Example: A cat is chasing a mouse.

+ Tokens: Tokens are often words, but they can also include punctuation, numbers, and other characters depending on the analysis. Simply put, tokens are the total number of words in a given text.

  + 6 tokens in the given example

+ Types: A type is the unique form of a token, disregarding its frequency of occurrence.

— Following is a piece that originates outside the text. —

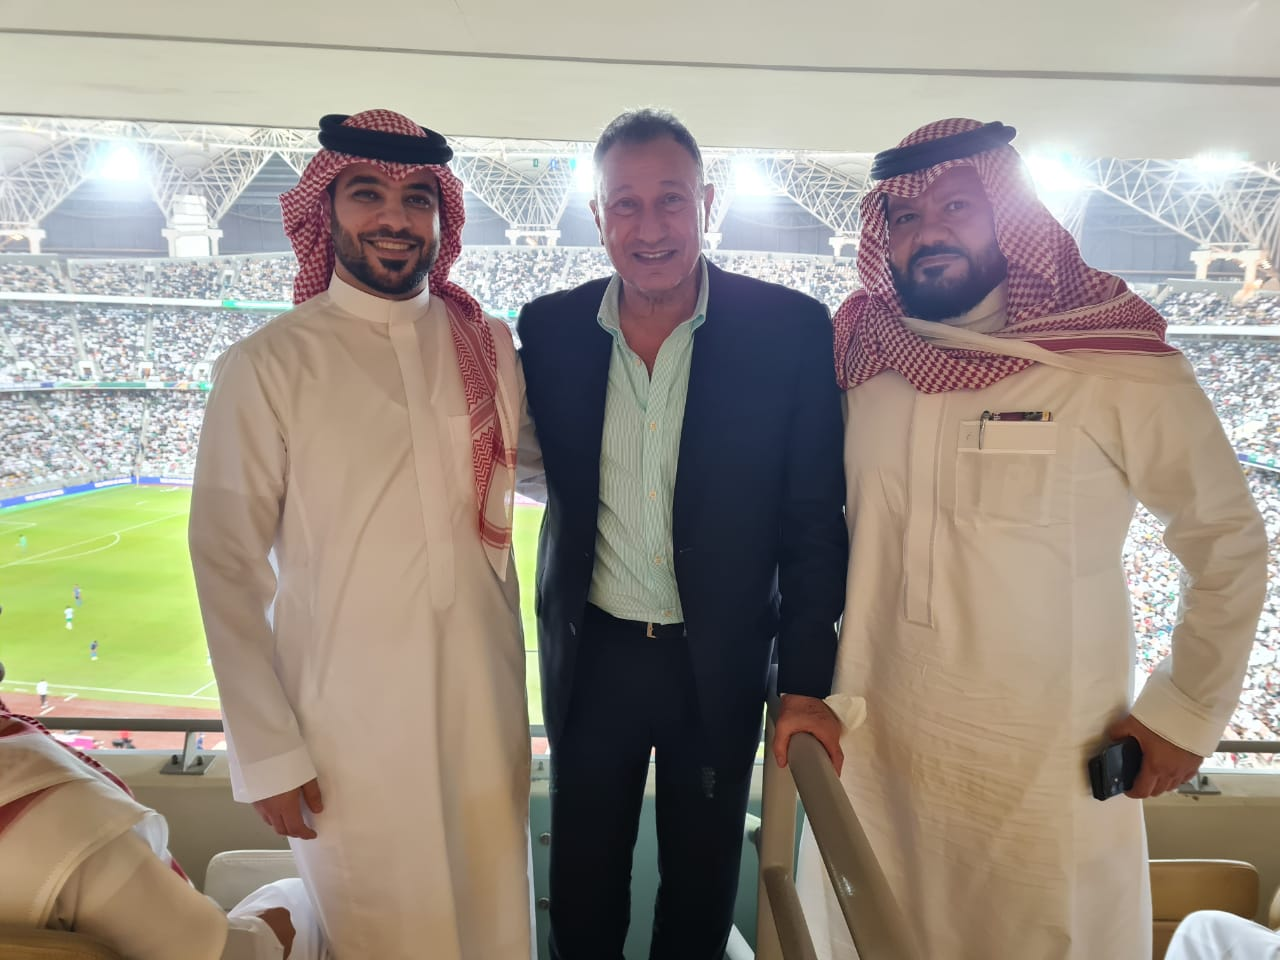 محمود الخطيب - رئيس الاتحاد السعودي

  + 5 types in the given example.

[text samples from Aesop fables](https://aesopsfables.org/)

In [None]:
text = "An ant went to a Mistic-fountain."
len(text)
#len은 space도 포함함.

33

> **text.split()** # split string by space
text란 text로 저장한 변수를 말함.

In [16]:
step1 = text.split()
#괄호에 띄어쓰기를 입력하면 단어 단위로 split 해준다.
print(step1)
len(step1)

NameError: name 'text' is not defined

In [None]:
step2 = text.split(".") # delimiter here is '.'
#문장으로 나누고 싶을 때는 "마침표"로 구분, 그러면 문장 단위로 나누어짐.
print(step2)

['An ant went to a Mistic-fountain', '']


In [17]:
text=input()
print("Number of strings: ",len(text))
words = text.split()
print("Number of words: ",len(words))
sents=text.split(".")
print("Number of sentences: ",len(sents))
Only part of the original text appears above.